The quinoa/bulgur salad for lunch is one of my favorites so I usually make a big batch on the weekend and eat it through the week.
Take a look at the table below and all the plant-based foods you can combine to make some delicious dishes that will provide you with all the protein you need.
|Lentils||9 gm||1/2 cup||115||15 gms fiber|
|Tofu||10 gm||1 cup||123||Can be used in every type of food - savory & sweet|
|Black beans||8 gm||1/2 cup||120||High in antioxidants & one of the healthiest beans|
|Quinoa||8 gm||1 cup (cooked)||222||High in magnesium, antioxidants & fiber|
|Amaranth||7 gm||1 cup (cooked)||63||High in iron and B vitamins. Use in mixtures such as veggie burgers and meatless balls|
|Soy Milk||8 gm||1 cup||110||Use Organic, unsweetened|
|Green Peas||8 gm||1 cup||108||Great snack food uncooked and fresh|
|Artichokes||4 gm||1/2 cup or 1 small||60||Low in calories and high in fiber|
|Pumpkin Seeds||5 gm||1 oz, shelled||126||High in magnesium. Sprinkle these on salads|
|Chia Seeds||5 gm||2 Tablespoons||120||Easy to add to lots of things. Thickens liquids so great for puddings|
|Tempeh||6 gm||1/2 cup||160||Easy to digest. Rich in probiotics|
|Edamame||6 gm||1/2 cup||100||Perfect high protein snack|
|Spinach||6 gm||1 cup||65||Steam to retain nutrients and add to dishes, or eat raw in a salad|
|Black Eyed Peas||5.5 gm||1/2 cup||148||High in thiamine, folate, niacin, phosphorous and zinc|
|Broccoli||4 gm||1 cup||52||30% of daily calcium, so it's doing nutrition double duty|
|Green Beans||8 gm||1 cup||34||High in Fiber|
|Nut Butters||8 gm||2 Tablespoons||190||Almond is heart healthy and best for you.

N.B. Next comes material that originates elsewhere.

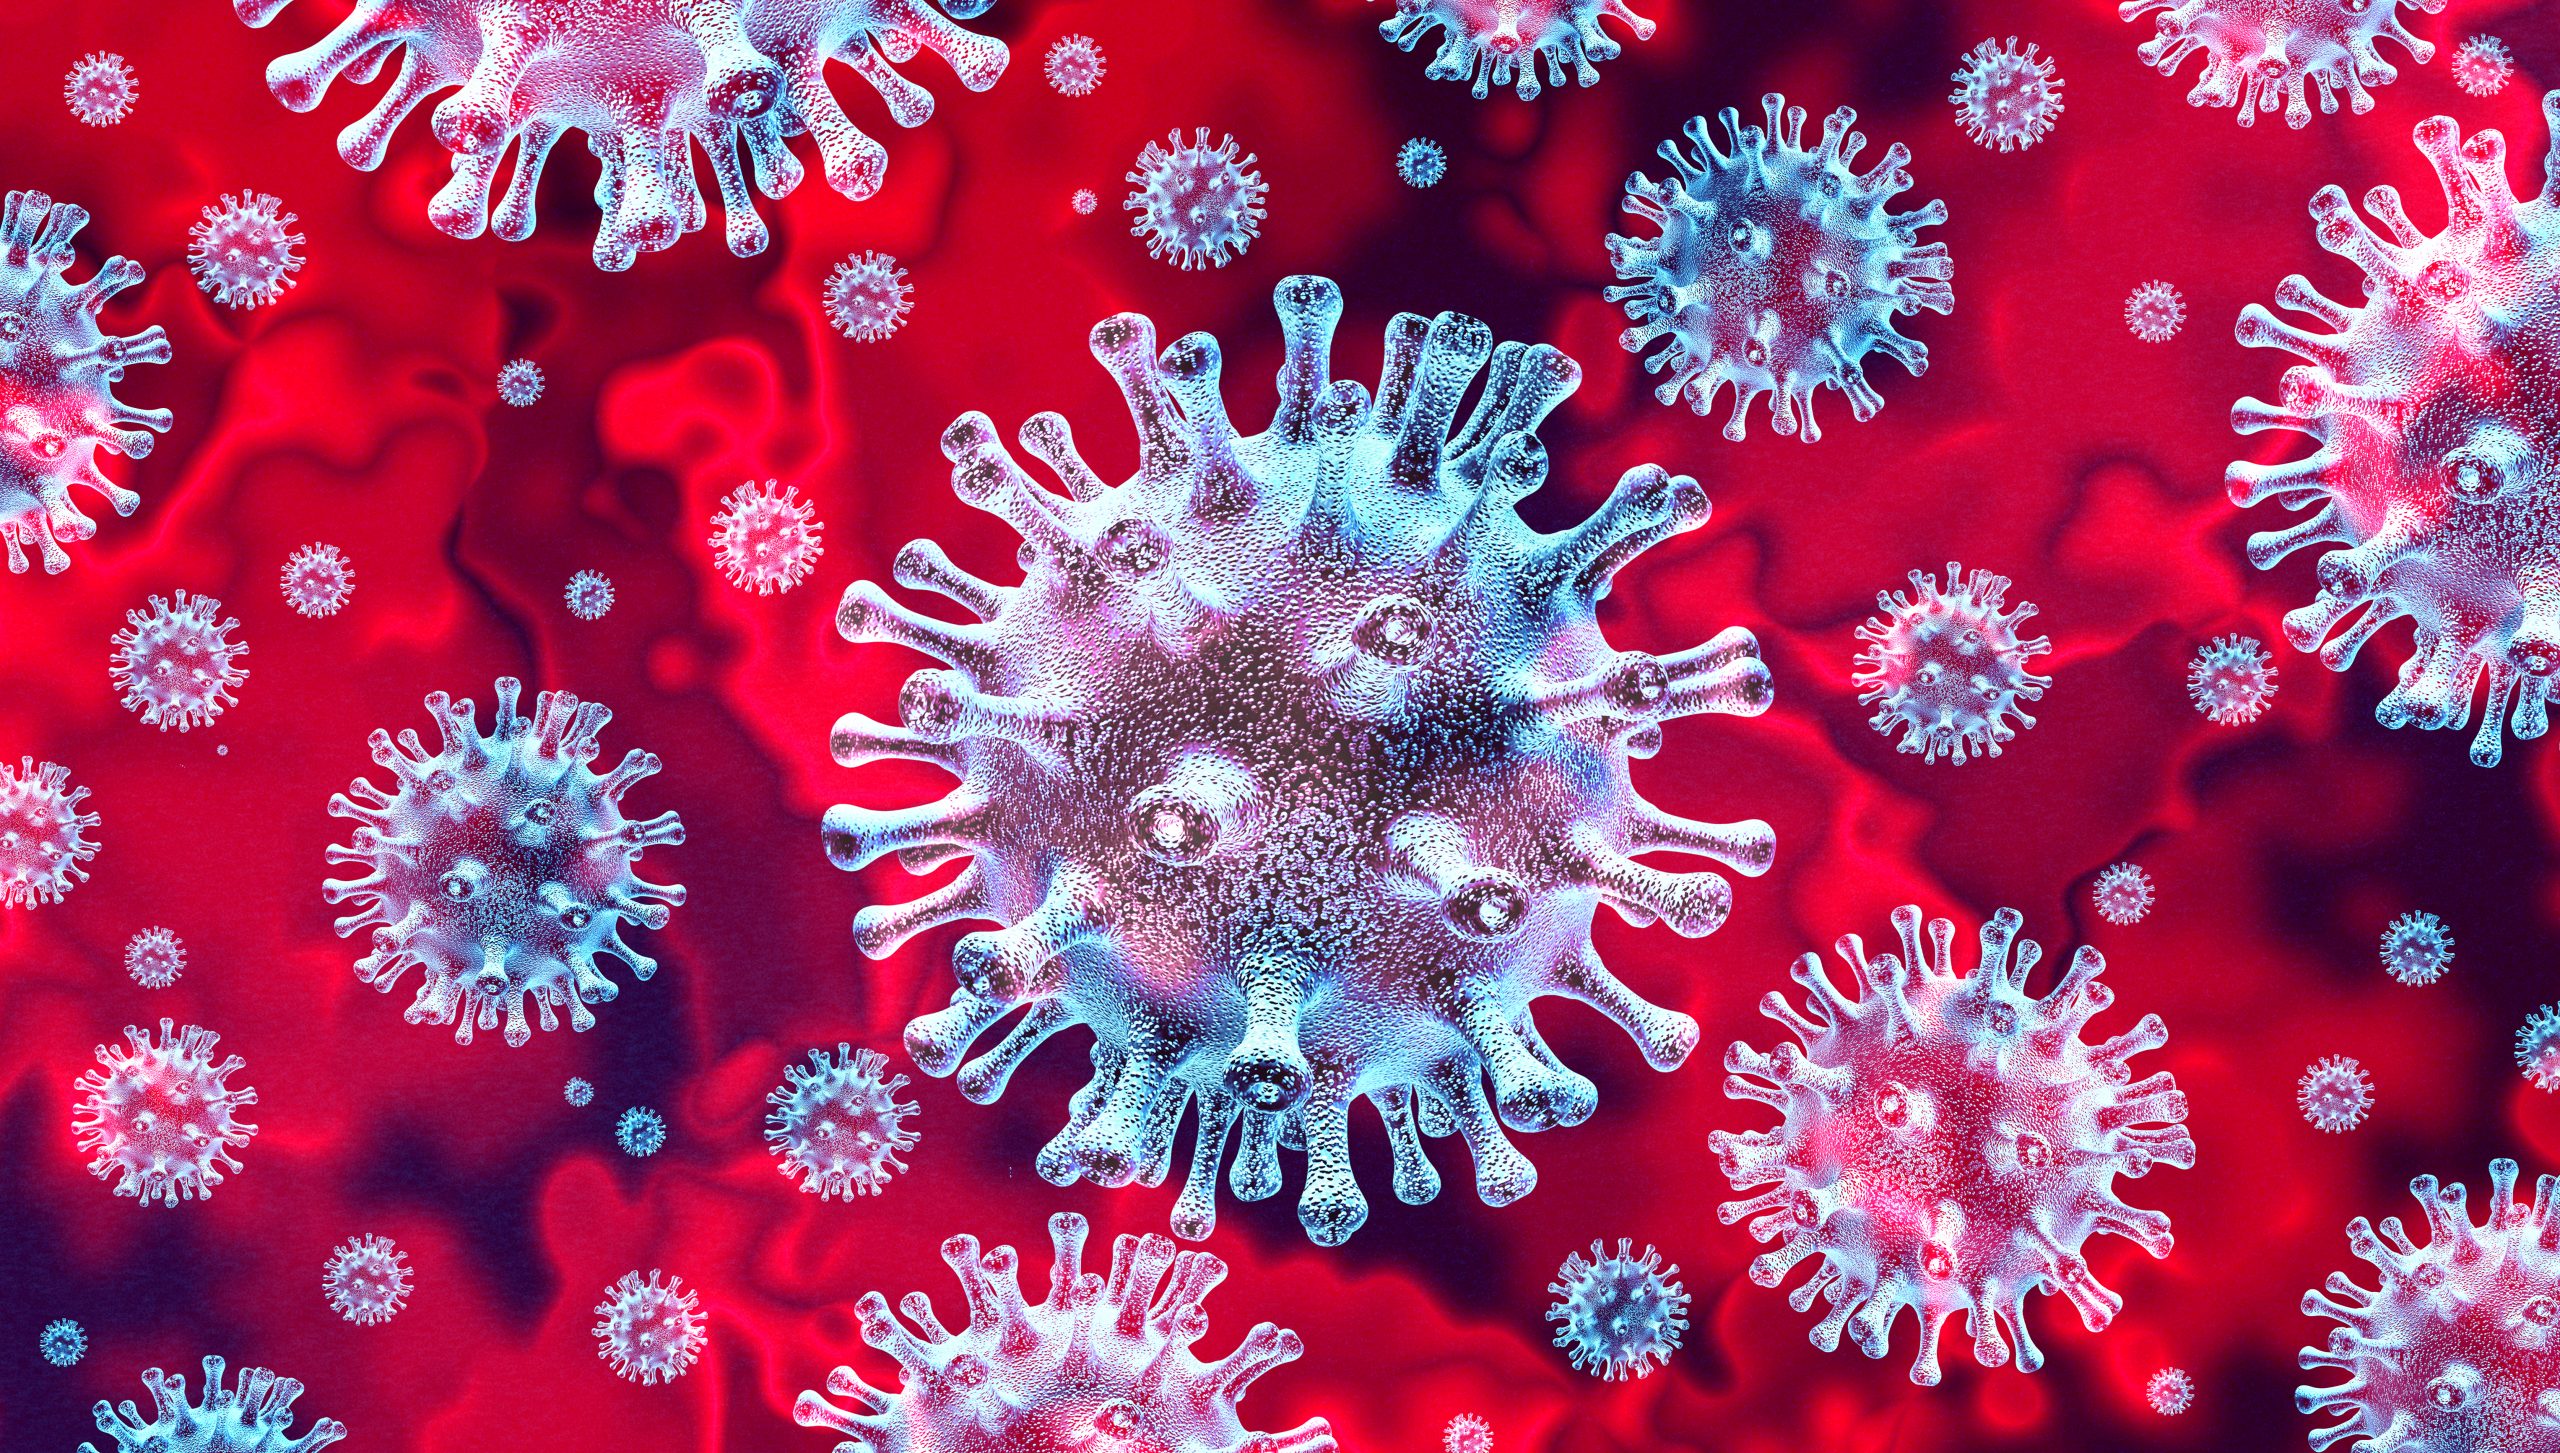 Coronavirus Cells Zoomed In

Calories vary slightly|
|Nutritional Yeast||8 gm||2 Tablespoons||40||Also a great sourcw of B-12 and adds cheesy flavor to your dishes|
|Chickpeas||7 gm||1/2 cup||100||High in fiber and delicious as the base for hummus and falafel|
|Ezekiel Bread||4 gm||Per slice||80||Contains all 9 essential amino acids|
|Vegan Protein Powder||15-30 gms, depending on brand||1 scoop||Varies - mine (as above) has 170 calories/scoop and 28 gm protein||Add to your breakfast or post-workout smoothie|
|Seitan||21 gm||4 oz, homemade||160||Making it at home lets you control sodium. Store bought seitan tends to be high in salt.|
|Black Walnuts||7 gm||1/4 cup||190||High in potassium and polyunsaturated fat|
|Wild Rice||6.5 gm||1 cup||571||Add into salads and soups to boost the protein|
The plant-based world is full of healthy, easy to digest protein sources that will boost your health instead of clogging your arteries.